Sports by the Numbers

Category: Major League Baseball

Did the Astros Spend Their Way to the Top?

Posted on May 1, 2018March 9, 2019 by Peter Lemieux

The Houston Astros doubled their payroll in 2017 and won the World Series.  Was that the reason?

In 2013 the Houston Astros moved to the American League, dismantled the team, and won just in the process.  Last year Houston won the World Series. The Astros’ ascent from the bottom to the top of the league was powered by investing in both pitchers and positional players. The blue line measures wins while the bars indicate salaries allocated to positional players and pitchers.

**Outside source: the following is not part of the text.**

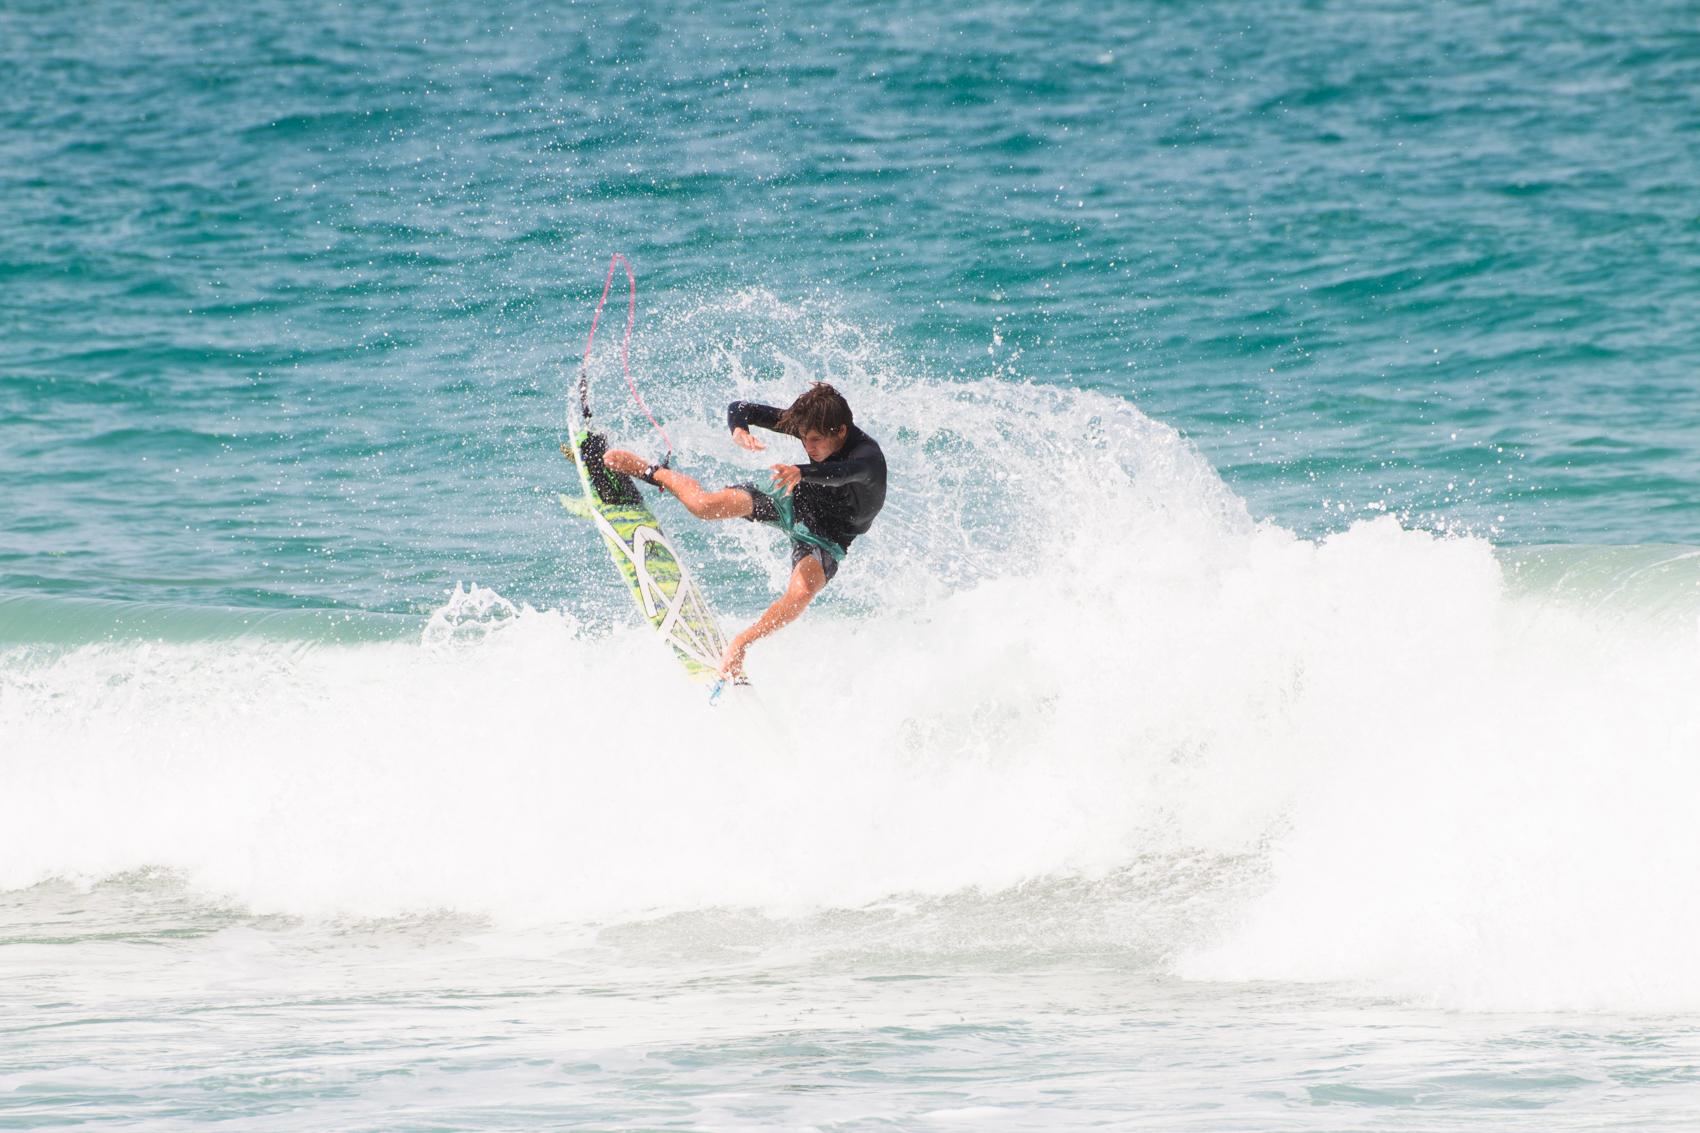 Chase Modelski surfing at Sebastian Inlet, Florida. Photos By Nathaniel Harrington.

In 2011 the Astros spent $72 million on player salaries, of which $42 million went to positional players.  Two years later as the team moved from the National to the American League, the Astros had the smallest payroll in baseball at just $11 million, fully $45 million behind the next-stingiest team, the Minnesota Twins.

After the move to the AL, owners began investing in the team once more, though still not profligately.  The Astros spent about as much on salaries in 2015 and 2016 as they did in 2011; they just got a much better return on their investment with 86- and 84-win seasons. Then, last year, ownership doubled the payroll, investing $16 million in the team’s first DH, Carlos Beltran, and signing contracts with 1st baseman Yulieski Gurriel, right fielder Josh Reddick, and catcher Brian McGann, who together earn $44 million.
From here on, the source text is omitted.